Disaccredited registrar restarts familiar marketing emails.
RegisterFly, a once-ICANN-accredited registrar that imploded in a wave of scandal last year, has restarted its familiar email marketing campaigns.
The company was famous for sending e-mails with too-good-to-be-true prices, including .com domains at far below wholesale prices. These emails were usually sent weekly. For example, here are some of the offers in these emails:
6/6/06: $2.75 .net domains
6/20/06: $3.25 domain transfers
The latest ads have more reasonable offers, such as $7.99 domain transfers and $6.99 .nets.

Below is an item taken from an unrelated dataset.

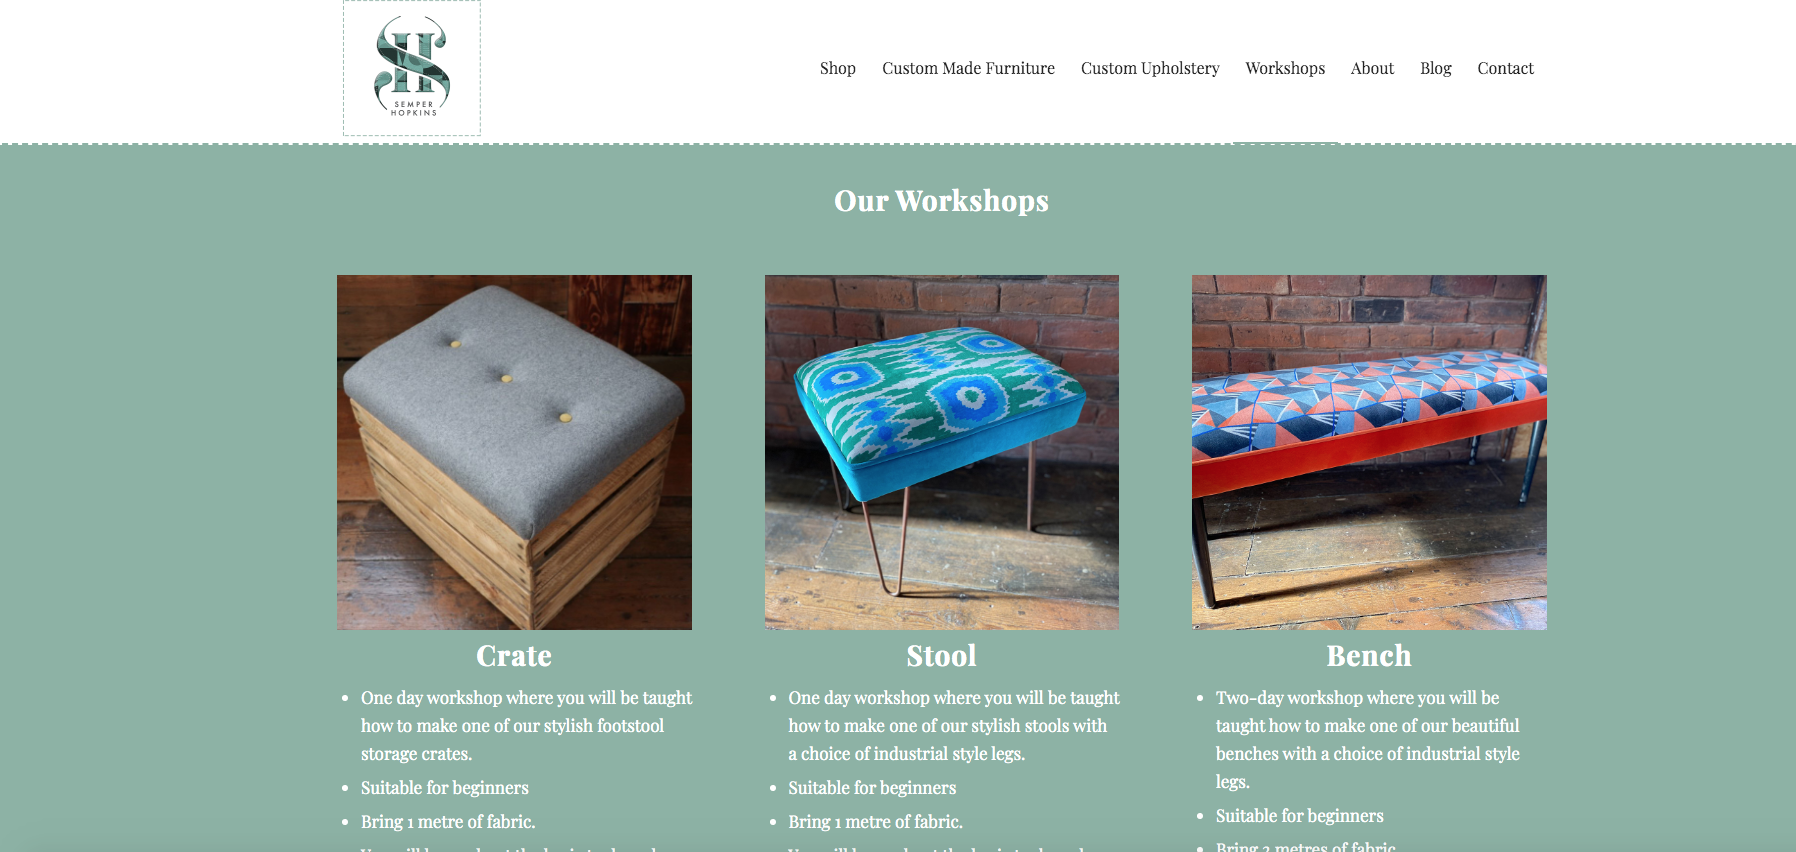 Upholstery Workshops
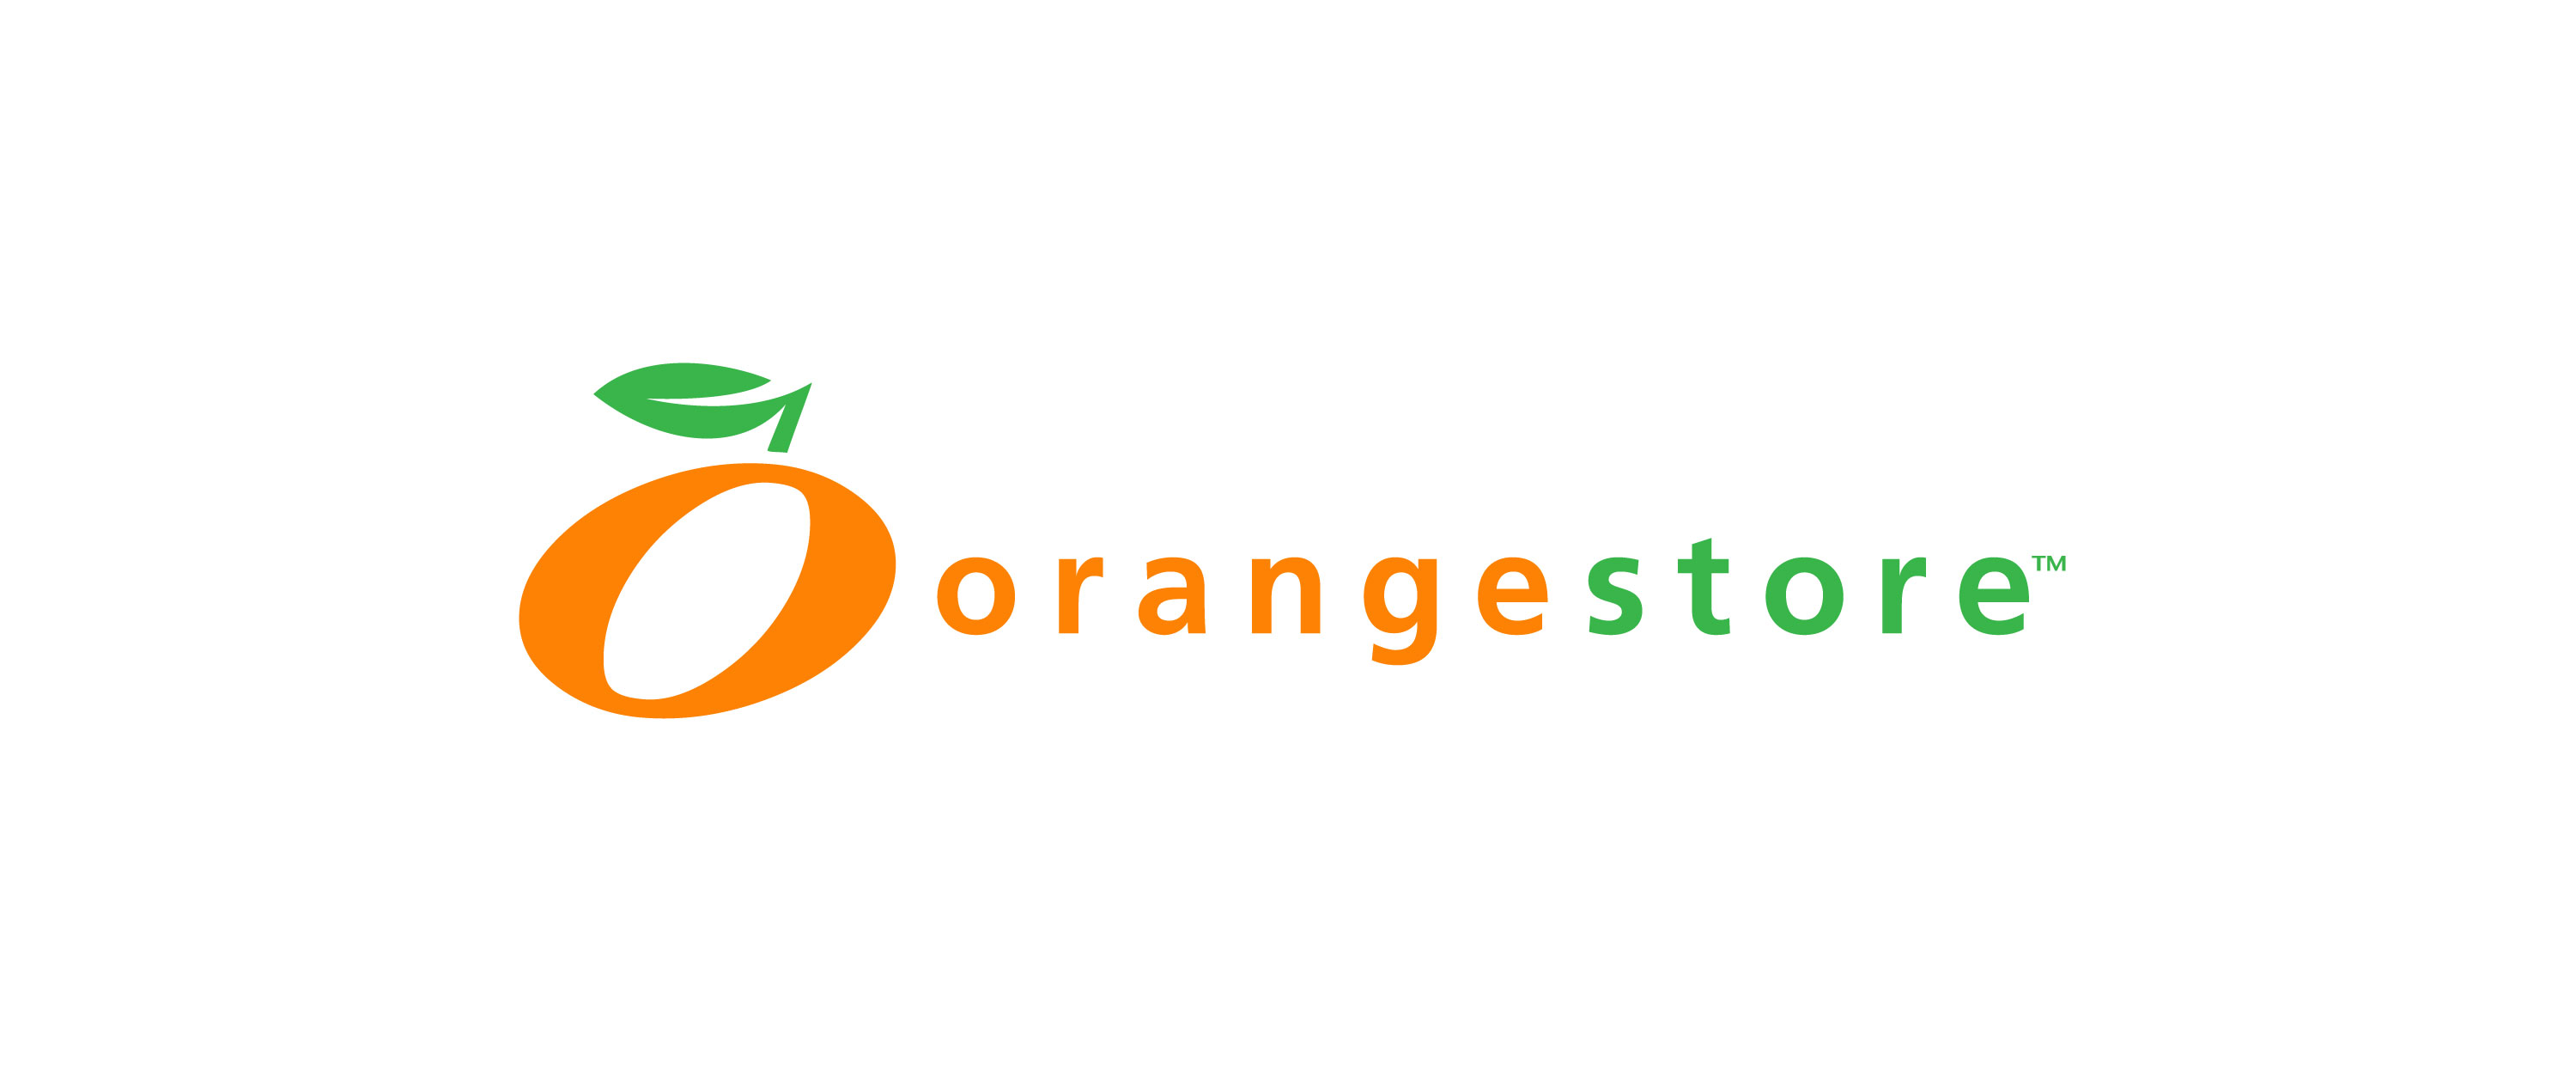 Orangestore

As a reminder, RegisterFly is not an accredited registrar. Despite a disclaimer on its site, it did not willingly give up its ICANN status; it was stripped by the organization for non-compliance. The company entered into a last second agreement to transfer its domains to GoDaddy to save its customers from losing all of their domains. I do not recommend registering domains through RegisterFly.
Doug Mehus says
I concur with that statement 100%. As a former RegisterFly customer forced to get my domain names out, I agree wholeheartedly. Interestingly, eNom’s role in the whole debacle was despicable. They were not at all accomodating, to people using RegisterFly’s WHOIS protection service or to people (like me) that managed to get their WHOIS information unmasked. They still required photo ID (which I didn’t have as I don’t drive) even though I e-mailed them from my administrative contact e-mail address. Their Business Development Manager Elida Flores was absolutely no help, with her canned responses. Plus, eNom took forever to terminate RegisterFly’s reseller status.
I won’t use eNom or RegisterFly again. I’ll stick with GoDaddy.com or, failing them, possibly DomainDiscover or Tucows.